TLS November 9 2001
THE FISHER CHILD
In many ways, Philip Casey’s new novel, The Fisher Child, is an old-fashioned book, concerned with compassion, belonging and the gaining of experience. Throughout, however, we feel the impact of new technologies, perhaps making these searches into the past easier. Towards the end of the book, there is a scene in which we overhear Dan speaking to his wife and children on a mobile phone in the middle of an Irish moor, a scene impossible for earlier generations. Dan has stumped back to Ireland on his gammy leg to decide how he feels about his wife giving birth to a mysteriously black baby. Even as he self-consciously identifies with the landscape, he is talking to the people in London who want him back.
Elsewhere in the book, the Internet is used as a resource for compiling family trees, partly unearthing the truth of his lineage. This quietly compassionate story sees technology as something that will bring people closer, connecting them with voices, ancestries and folk tales previously thought missing.
Itself the third part of a trilogy, The Fisher Child divides neatly into three parts.
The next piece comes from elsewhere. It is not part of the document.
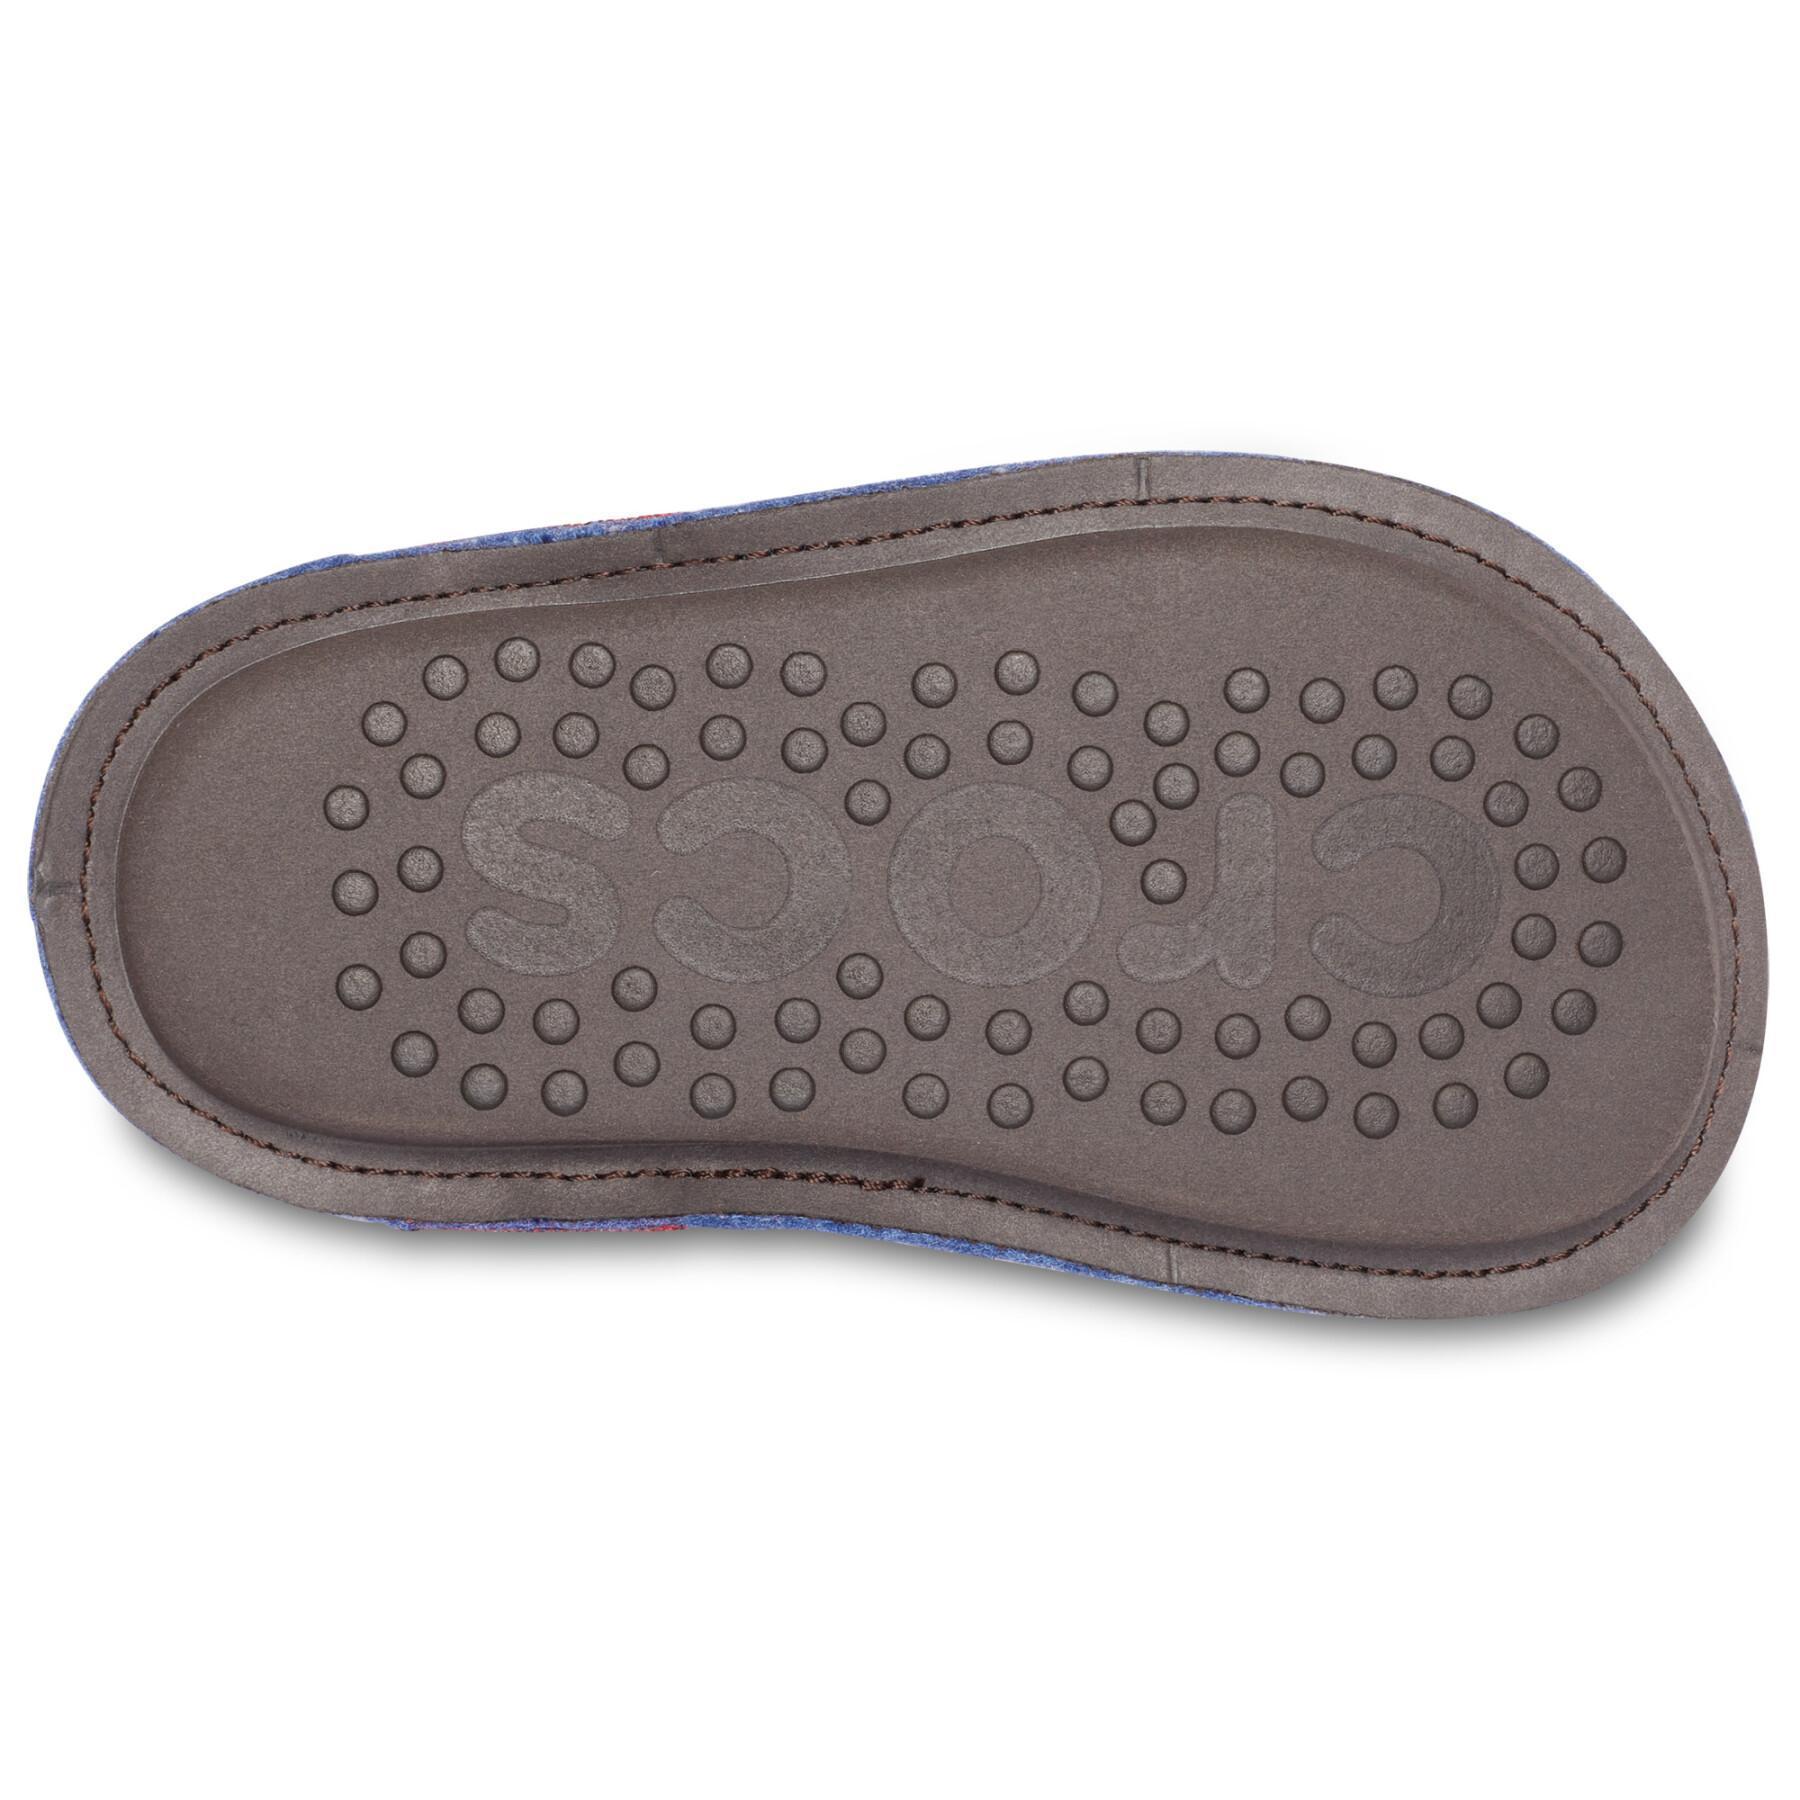 Kindersloffen Crocs classic slipper

In the first, Dan’s wife Kate becomes pregnant when they visit Florence. She obsesses for a while about figures of black men in Renaissance paintings; one particular Wise Man in a triptych seems to get under her skin. This prefigures the advent of her black baby, Meg, whom Dan swiftly rejects. The rest of the family talk very easily about black genes; indeed, their sophistication infuriates Dan, and he sinks into depression. Walking out on his young family, he returns to County Wexford, where his newly with-it and contented father is gardening organically and living in a solar-powered glass house.
But the reader doesn’t witness the epiphanies Dan has on the spongy moors,until the middle section, which tells the story of his ancestor, Hugh, and his involvement in the bloody events of the 1798 Rebellion. Distraught at the deaths of his entire family, Hugh leaves for the island of Montserrat where, in a moving, sensuous sequence, he becomes a small-time landowner and the lover of a black slave. Ama bears Hugh three children: two black girls
and one white boy. Her favouring of the boy, rejection of the girls, and the inevitably tragic climax are painful to read; the writing conjures pathos and brutality simultaneously.
Casey puts the reader in the strange position of knowing more about this family than the present-day, clued-up characters. We know how the “black gene” has slipped into the pool. We know Dan is right, when he realizes that he needs to arrive at compassion and acceptance by growing up a little. He marvels at his father’s sudden sophistication and the way an old trauma has been healed. Dan berates his own “prissiness”, his own need to see everything “absolute” and “black and white”; his sex, we learn, is to blame for that – though perhaps it should be put down to his being an architect.
By the ending, Dan has experienced the “rush of hurt” he needs to feel at the idea of separation from his family. Casey eases Dan (rather indulgently) into seeing that the troublesome times of others around him outweigh his own preoccupations. Dan is never granted as much historical knowledge as the reader, but even without all the facts he learns he can have a little more trust, in his wife, but also an implicit trust; one shared by the other
characters in this wise, tender novel, in the muddled connections and continuities of their lives.